▶ _Exercise_
Transcription, pictures excluded: write out the data below exactly.

▶ _Dataset excerpt_
──────────────────────────────

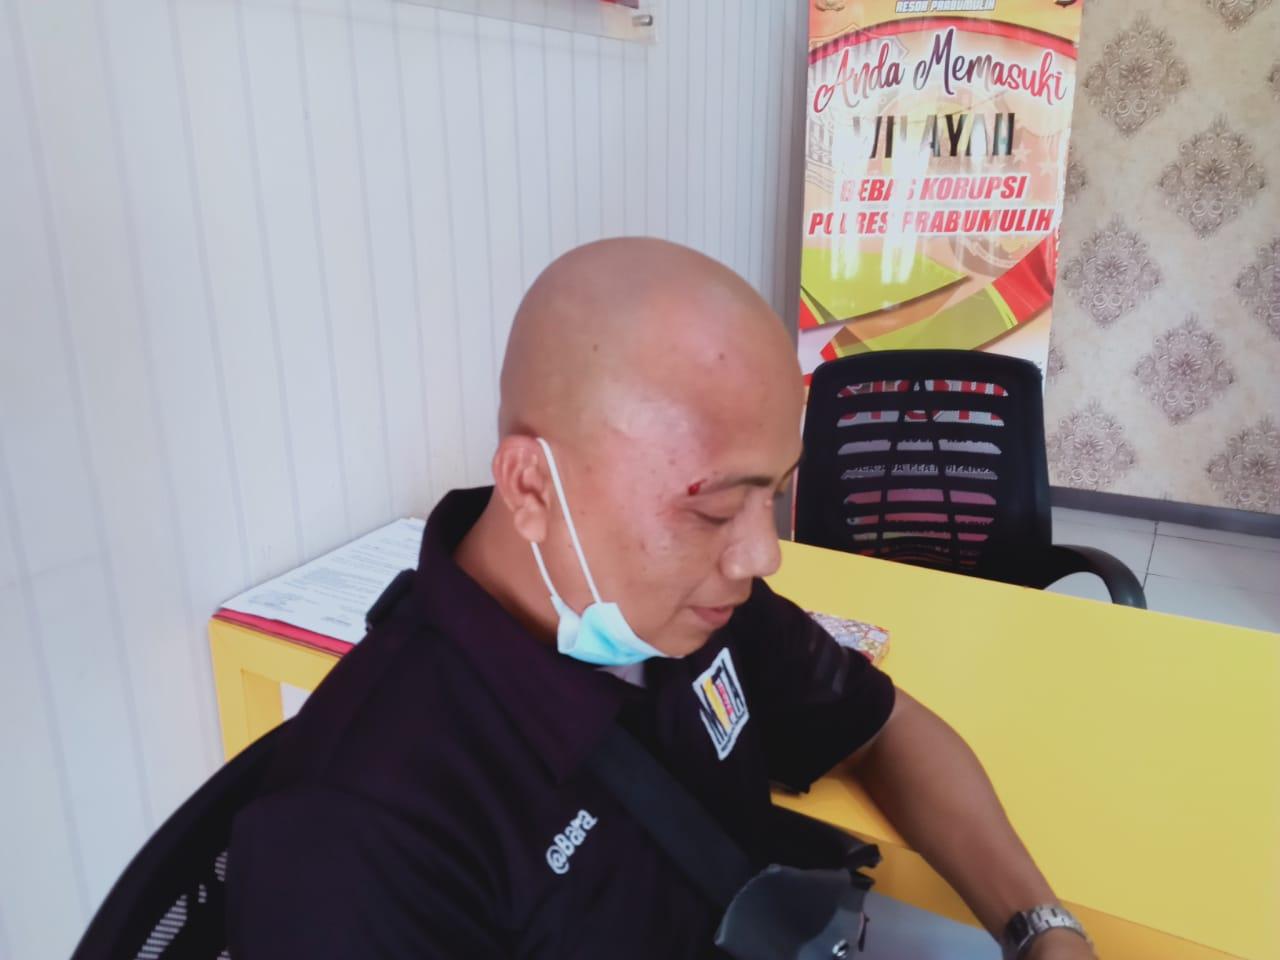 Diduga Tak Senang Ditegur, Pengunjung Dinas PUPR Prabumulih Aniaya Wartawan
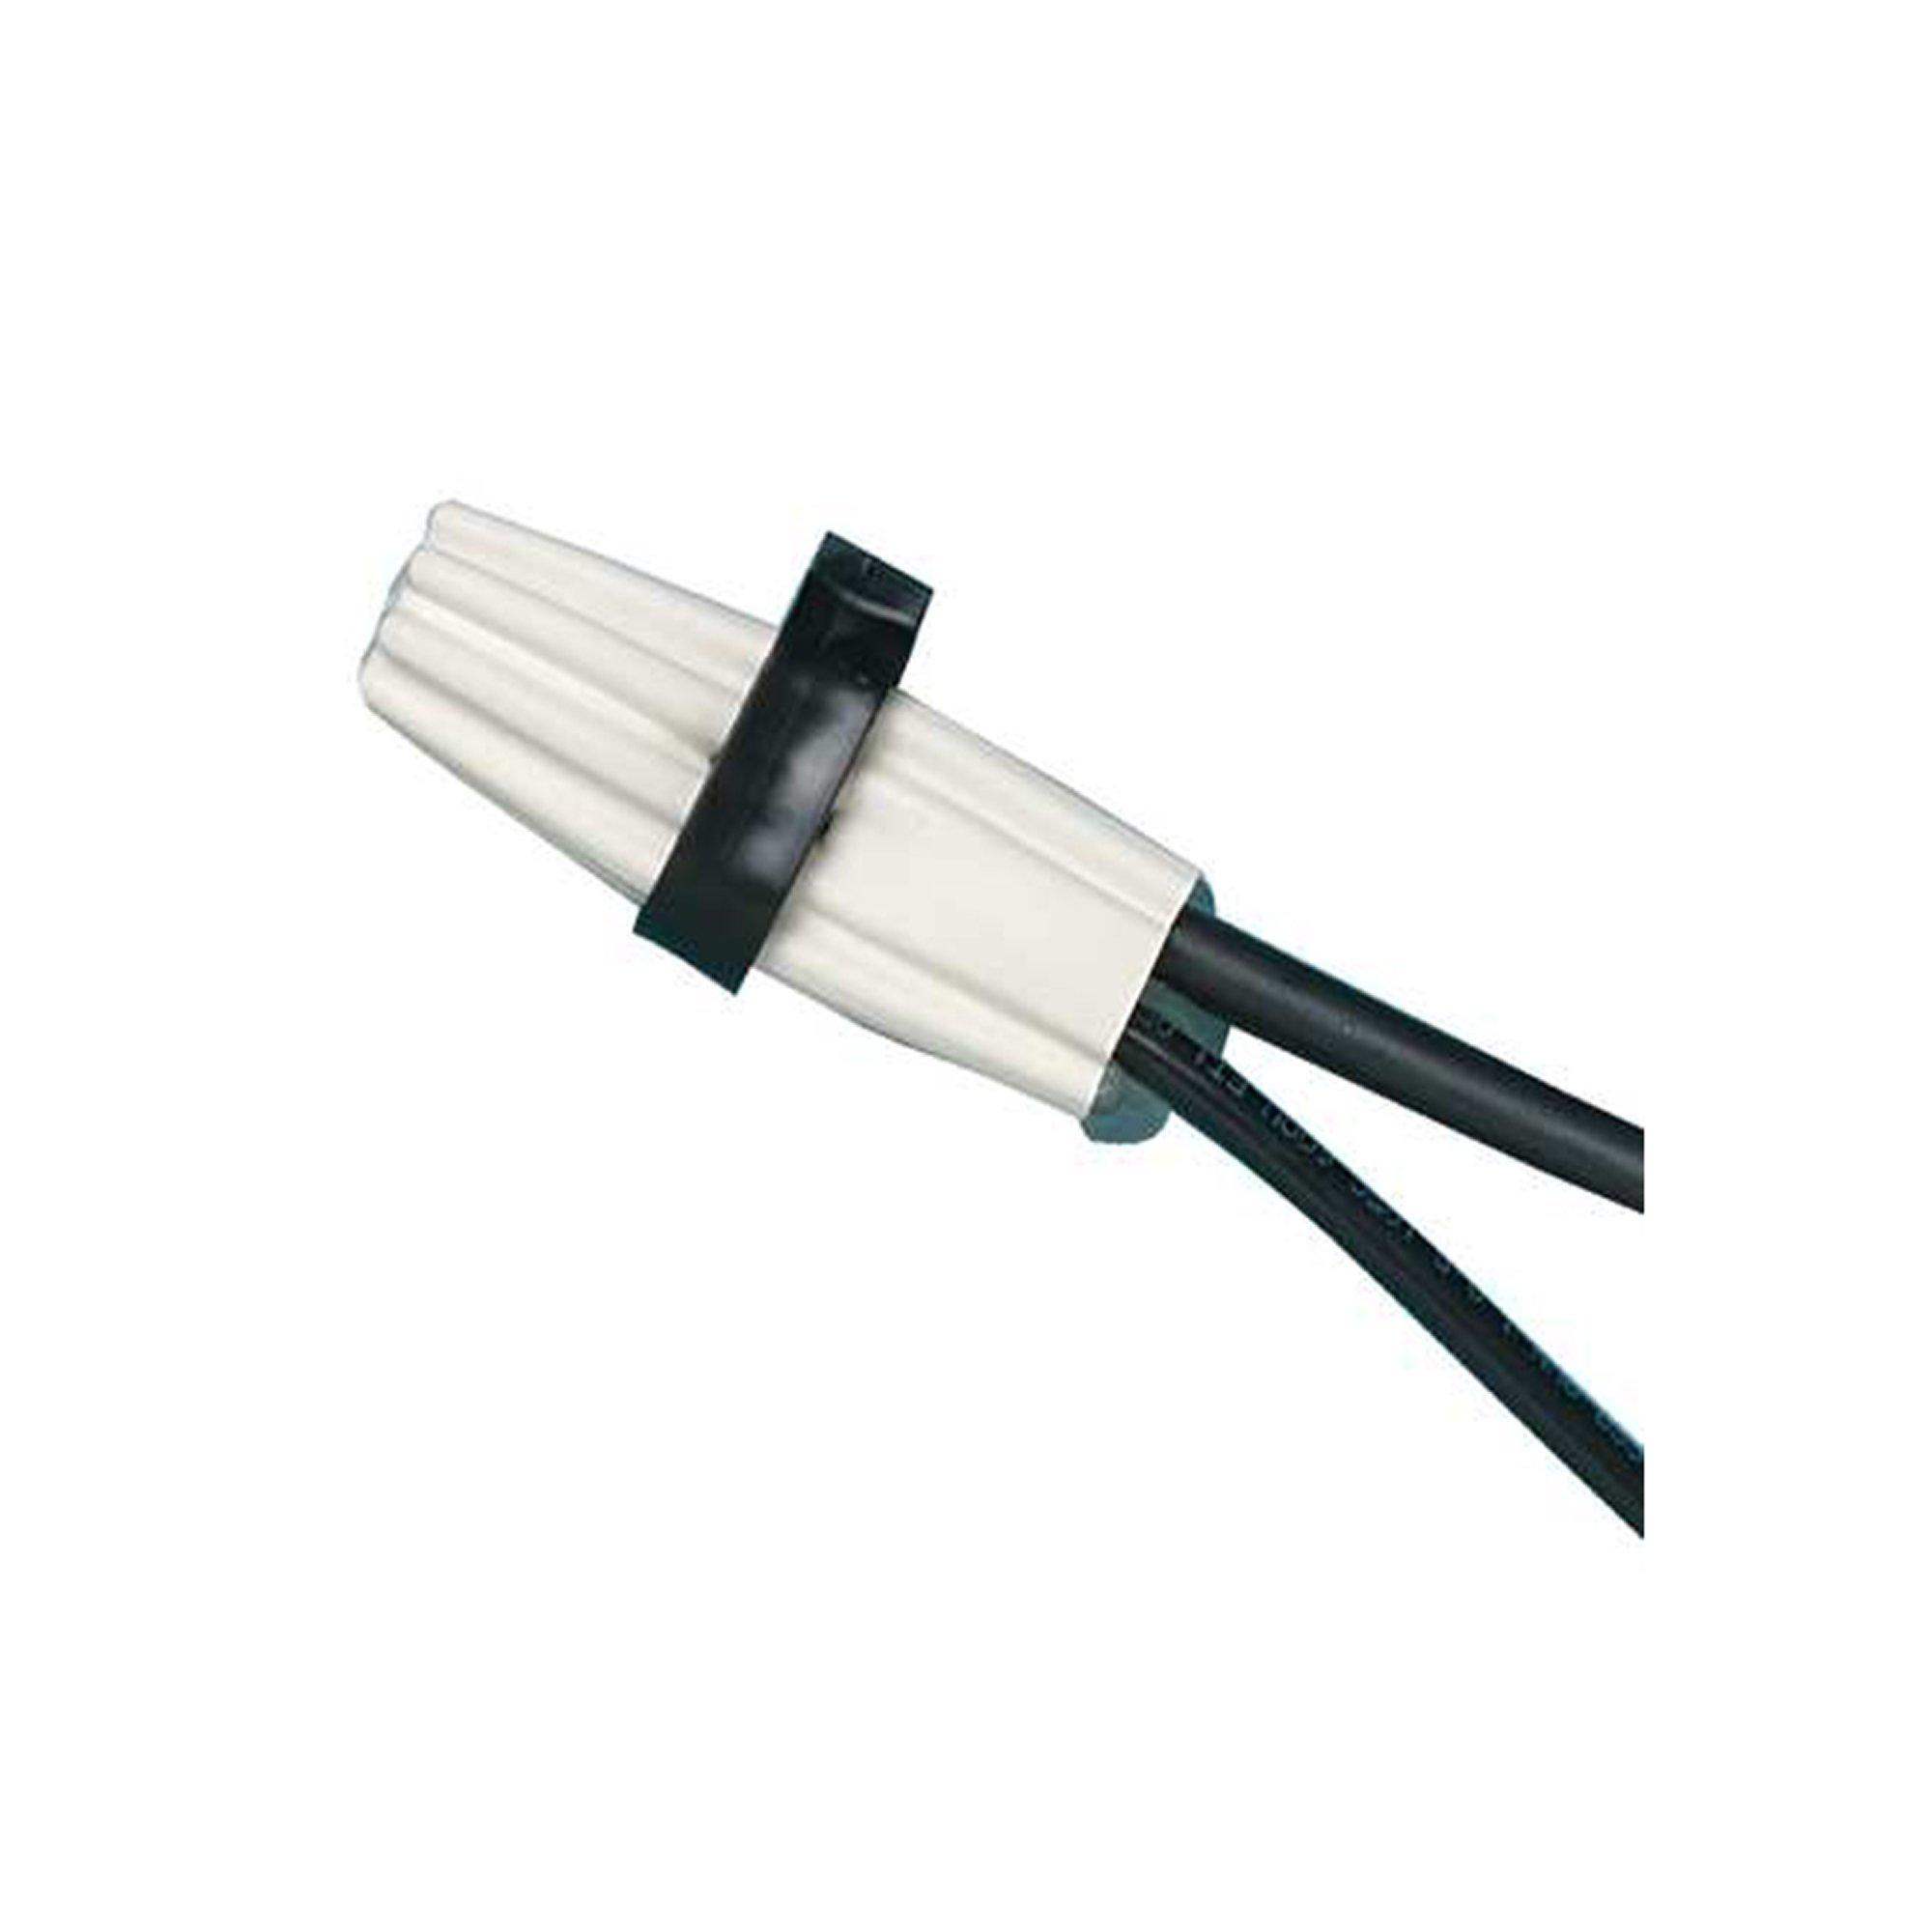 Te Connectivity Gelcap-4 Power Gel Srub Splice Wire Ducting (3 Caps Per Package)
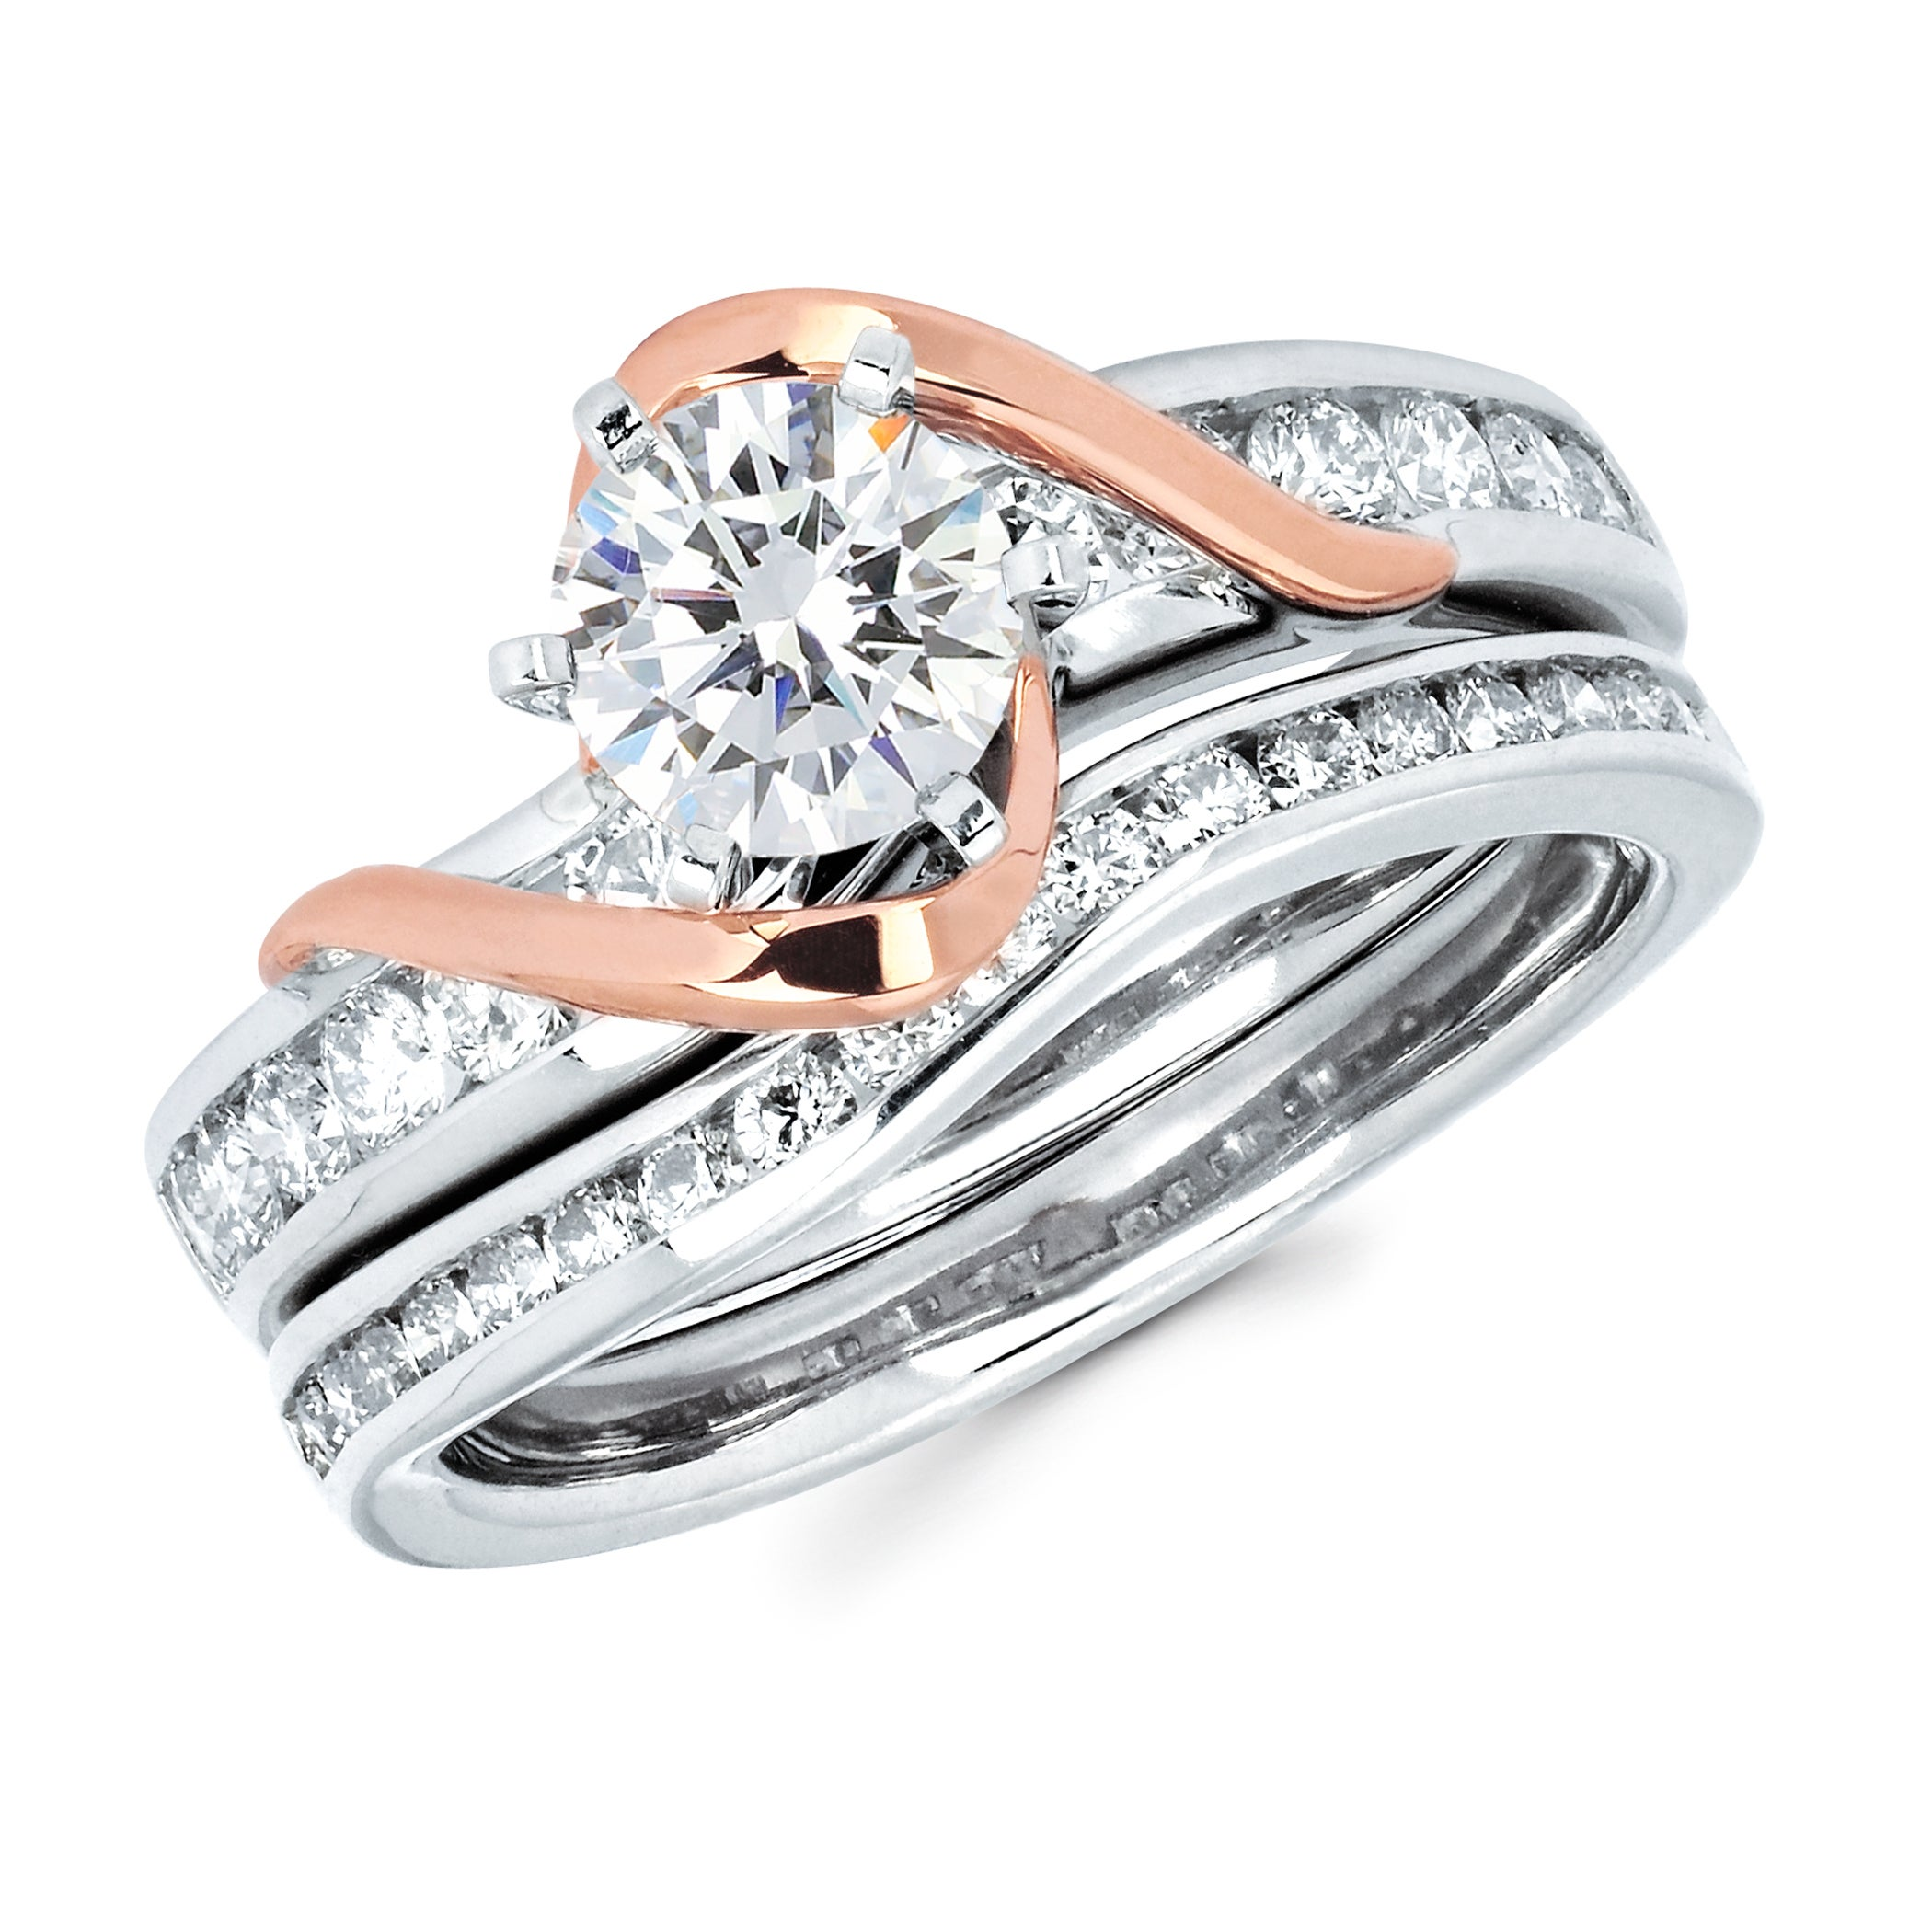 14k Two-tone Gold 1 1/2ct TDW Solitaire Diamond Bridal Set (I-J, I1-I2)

──────────────────────────────

▶ _Task response_
 Diduga Tak Senang Ditegur, Pengunjung Dinas PUPR Prabumulih Aniaya Wartawan
 Te Connectivity Gelcap-4 Power Gel Srub Splice Wire Ducting (3 Caps Per Package)
 14k Two-tone Gold 1 1/2ct TDW Solitaire Diamond Bridal Set (I-J, I1-I2)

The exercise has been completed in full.